If your way of acting in third reality is to practice a specific feeling (which equates to a good/preferred outside world), pick and practice the feeling you want.

If your way of acting in third reality is to pray, do so with as much or little specificity as you need.

If your way of acting in third reality is to be open to awareness without restrictions, do so.


A story


Thinking about third reality in the world led me to remember a long story (novella? novelette?) by Walt & Leigh Richmond that I read many years ago: Prologue to . . . an Analogue. I didn’t think of this when I wrote my list of Science Fiction for the Mystically Inclined, but it definitely fits. My copy is in the 1970 Richmond collection Positive Charge, the flip side of an Ace Double with Gallagher’s Glacier (also by the Richmonds). The setting is the Cold War, but the story imagines one way mental/spiritual power could manifest in the world.


Another tangent


Paying attention to U. S. news these days leads to serious thinking about some major worries of the U. S. Founding Fathers. They worried about the vulnerability of democracy to demagogues. They worried about the need in a democracy for an INFORMED and engaged populace. The last few years, and the abysmal botching of the responses to the pandemic this year, have shown how right they were to worry.

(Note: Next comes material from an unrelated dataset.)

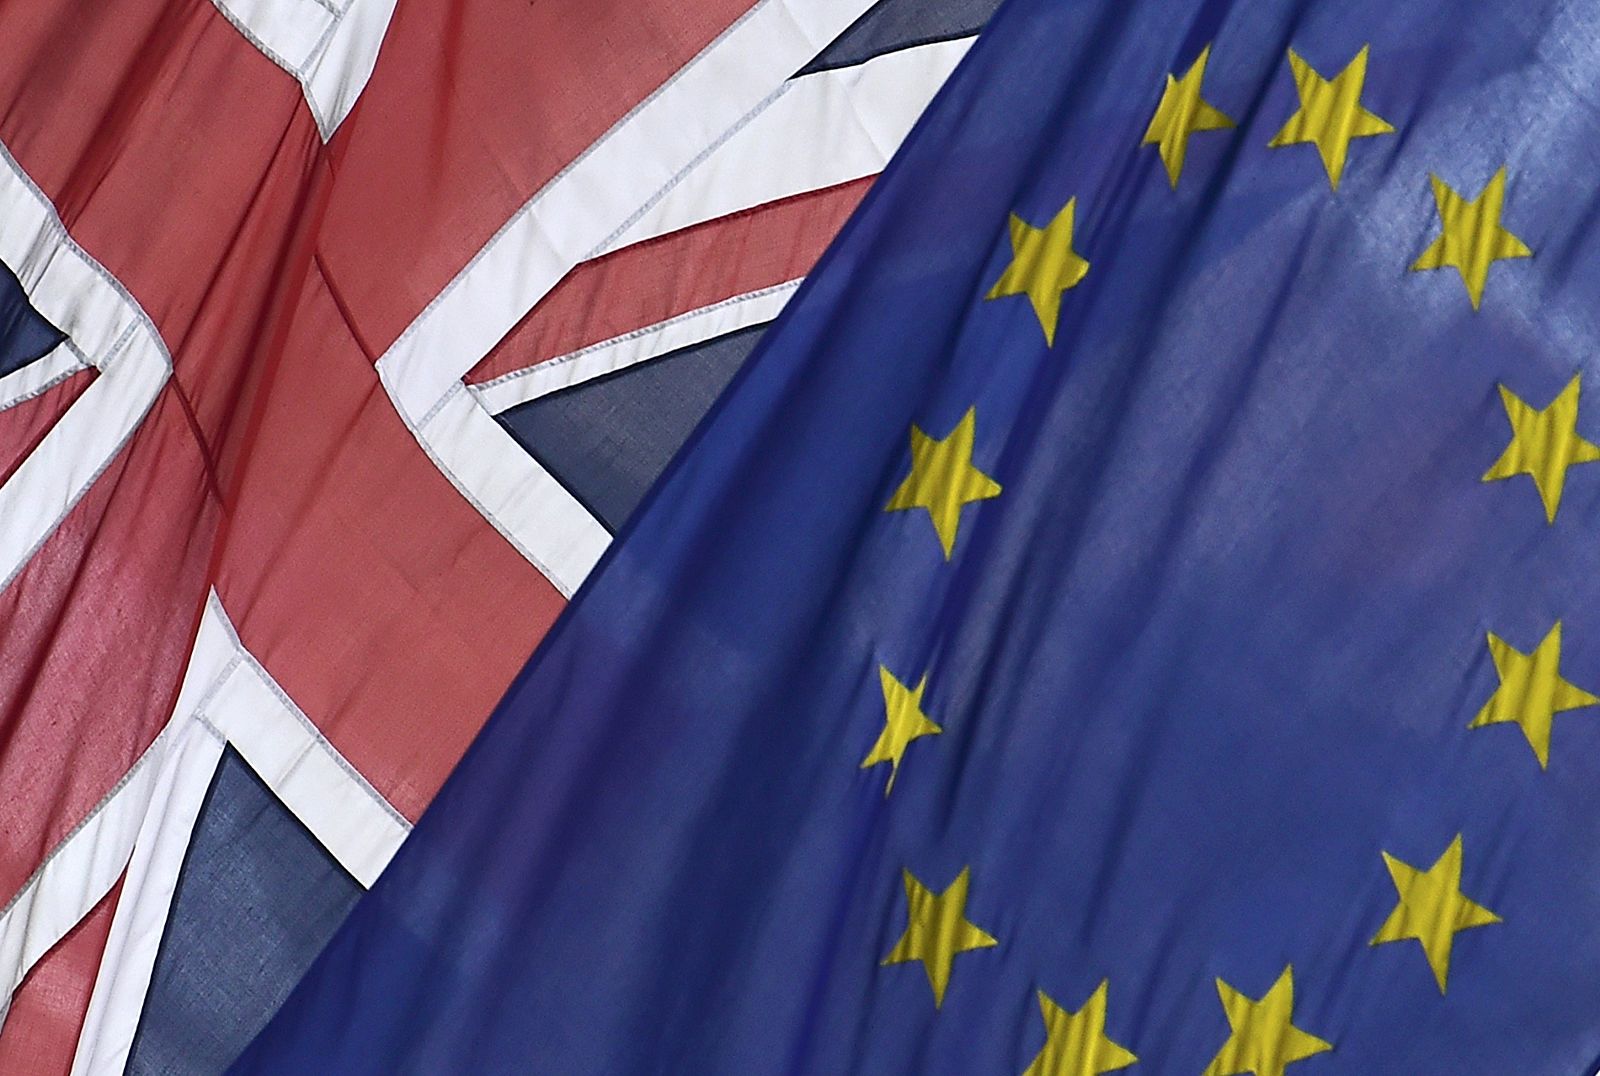 Una bandera de Reino Unido y otra de la Unión Europea ondean juntas en un edificio oficial de Lodnres.

This naturally leads to further speculation about what sort of political system could be better than modern democracy. Plato wrote about philosophers as rulers over two millennia ago. More recently people have written about meritocracies and many other systems. Democracy has been the best (in a greatest good for the greatest number sense) form of government anyone has tried in modern times, but I really wonder if there is any way to fix the flaws so glaringly exposed since 2016 without developing a completely new form of government.